Art. 2 - Spese consentite

  1. Possono essere assunte a carico del bilancio del Dipartimento di Studi Umanistici tutte le spese inerenti agli eventi culturali e di ricerca e per le relazioni internazionali.
  2. La spesa è qualificata inerente all’evento dall’attestazione del docente organizzatore. A titolo esemplificativo sono spese inerenti all’evento:

    1. le spese per l’uso dei locali;
    2. le spese per la registrazione delle relazioni e degli interventi;
    3. le spese per la traduzione simultanea;
    4. le spese per l'ospitalità e il viaggio di illustri studiosi e autorità invitati all’evento;
    5. i gettoni ai conferenzieri/relatori;
    6. le spese relative a rinfreschi e colazioni;
    7. le spese per le cene e i pranzi.

  • le spese per colazioni di lavoro, pranzi e cene sono limitati alla partecipazione dei conferenzieri, relatori e moderatori, degli studiosi, delle autorità e degli organizzatori. In tali casi le spese, essendo connesse a eventi culturali e di ricerca, sono da considerarsi inerenti all’evento ai sensi dell’ art. 14 del “Regolamento di Ateneo per l’amministrazione, la finanza e la contabilità di Ca’ Foscari”.
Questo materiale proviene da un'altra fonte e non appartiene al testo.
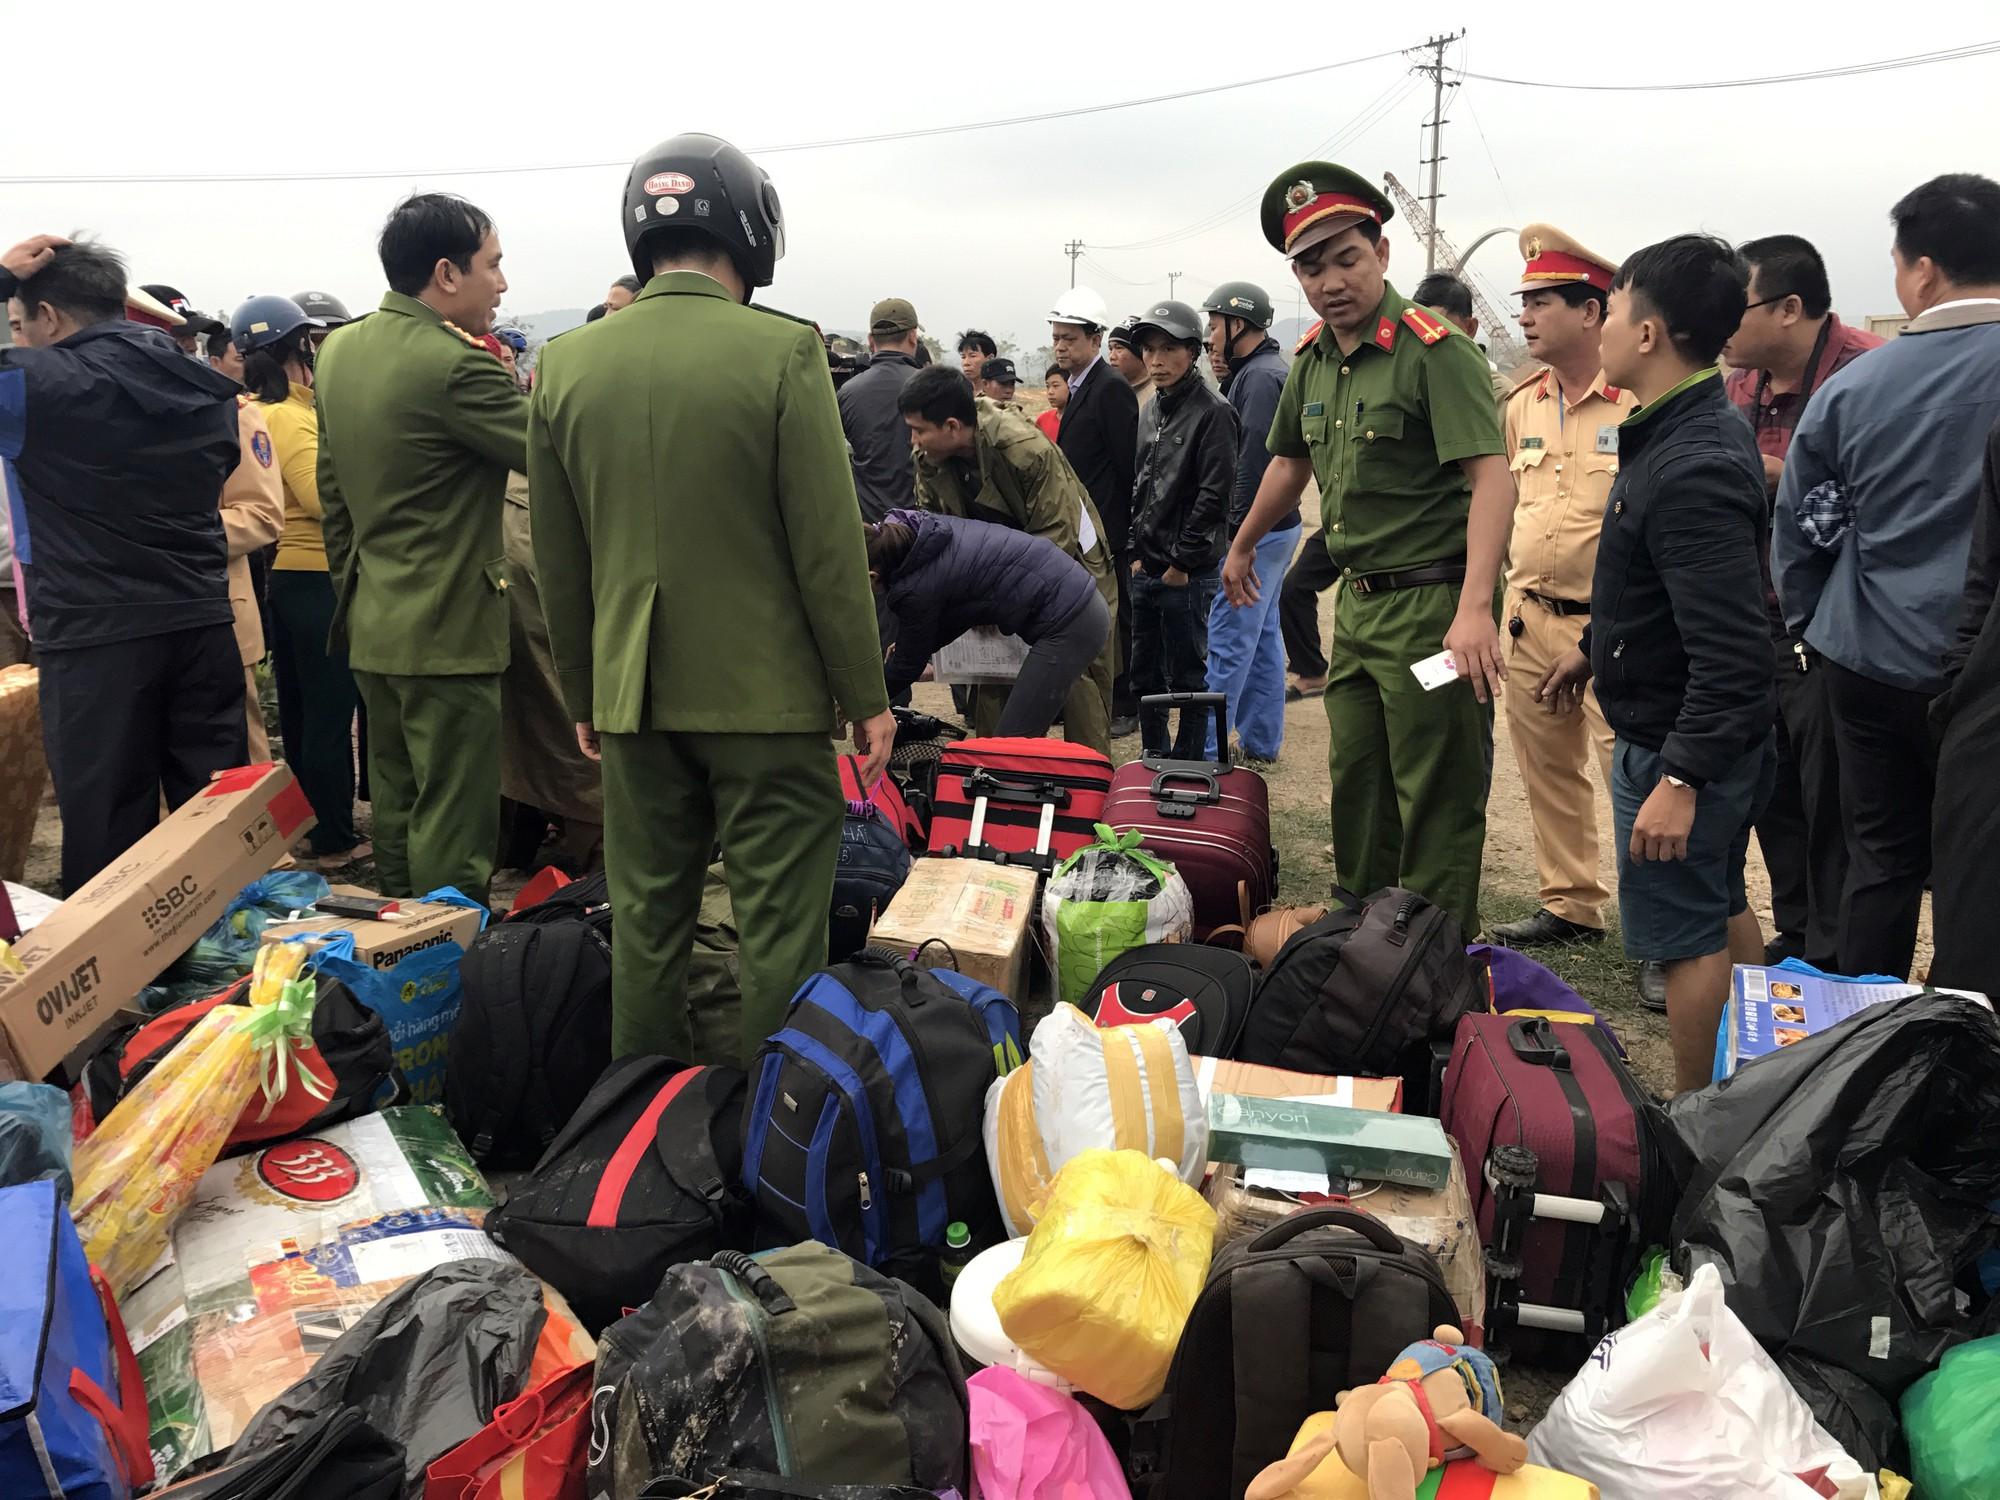 Chùm ảnh: Hiện trường vụ lật xe kinh hoàng ngày giáp Tết khiến 2 người chết, 11 người bị thương ở Đà Nẵng - Ảnh 7.

Art. 3 - Proposta di evento culturale e di ricerca

  1. Le proposte di organizzazione di eventi culturali e di ricerca possono gravare sia su fondi dipartimentali che su fondi di ricerca dei docenti, dei Centri e dei Laboratori di Dipartimento.
  2. Le proposte di eventi culturali e di ricerca che il Dipartimento finanzia, sono di norma presentate al Direttore del Dipartimento e al Comitato per la Ricerca che le valuta, due volte all'anno, secondo le seguenti scadenze:

    1. nell'autunno dell'anno solare precedente per gli eventi previsti durante l’anno solare successivo;
    2. nella primavera dell'anno solare in corso per gli eventi da realizzarsi entro lo stesso anno e nei primi tre mesi del successivo.
    3. Per le proposte relative al punto 2.a) possono essere utilizzati fino a due terzi del budget a disposizione, destinando il restante terzo alle proposte relative al punto 2.b).

  3. Il Consiglio di Dipartimento, in sede di redazione del bilancio di previsione, anche in considerazione delle proposte pervenute, definisce lo stanziamento di budget da destinare alla realizzazione di eventi culturali, convegni e conferenze, eventualmente integrabile in corso di esercizio a seconda delle necessità.
  4. La proposta per la realizzazione di un evento culturale o di ricerca contiene il nominativo del docente responsabile, il programma, un dettagliato piano di spesa preventivo per la realizzazione dell'intero evento, la richiesta di cofinanziamento a carico del Dipartimento, l'indicazione di eventuali altri fondi interni e/o esterni e l’indicazione del/dei docenti organizzatori.

Art. 4 - Valutazione della proposta 

  1. La valutazione delle richieste per la realizzazione di eventi culturali o di ricerca è affidata al Comitato per la Ricerca che le propone in Consiglio, al fine dell'assegnazione del contributo, motivandone le ragioni se discrepante dalla richiesta. Possono essere finanziati anche eventi da realizzarsi al di fuori della sede di Venezia.
  2. Il Consiglio di Dipartimento, che approva la ripartizione del budget, può prevedere un tetto variabile per i compensi ai conferenzieri, secondo quanto disposto dalla delibera del Consiglio di Amministrazione n. 39 del 26 febbraio 2010.
  3.  Il Consiglio di Dipartimento, secondo quanto disposto dalla delibera del Consiglio di Amministrazione n. 39 del 26 febbraio 2010, può prevedere limiti alle altre spese di organizzazione di convegni, eventi e conferenze.

Art. 5. Disposizioni finali

Per tutto quanto non espressamente previsto dal presente Regolamento, si rinvia allo Statuto e alla normativa regolamentare dell’Ateneo.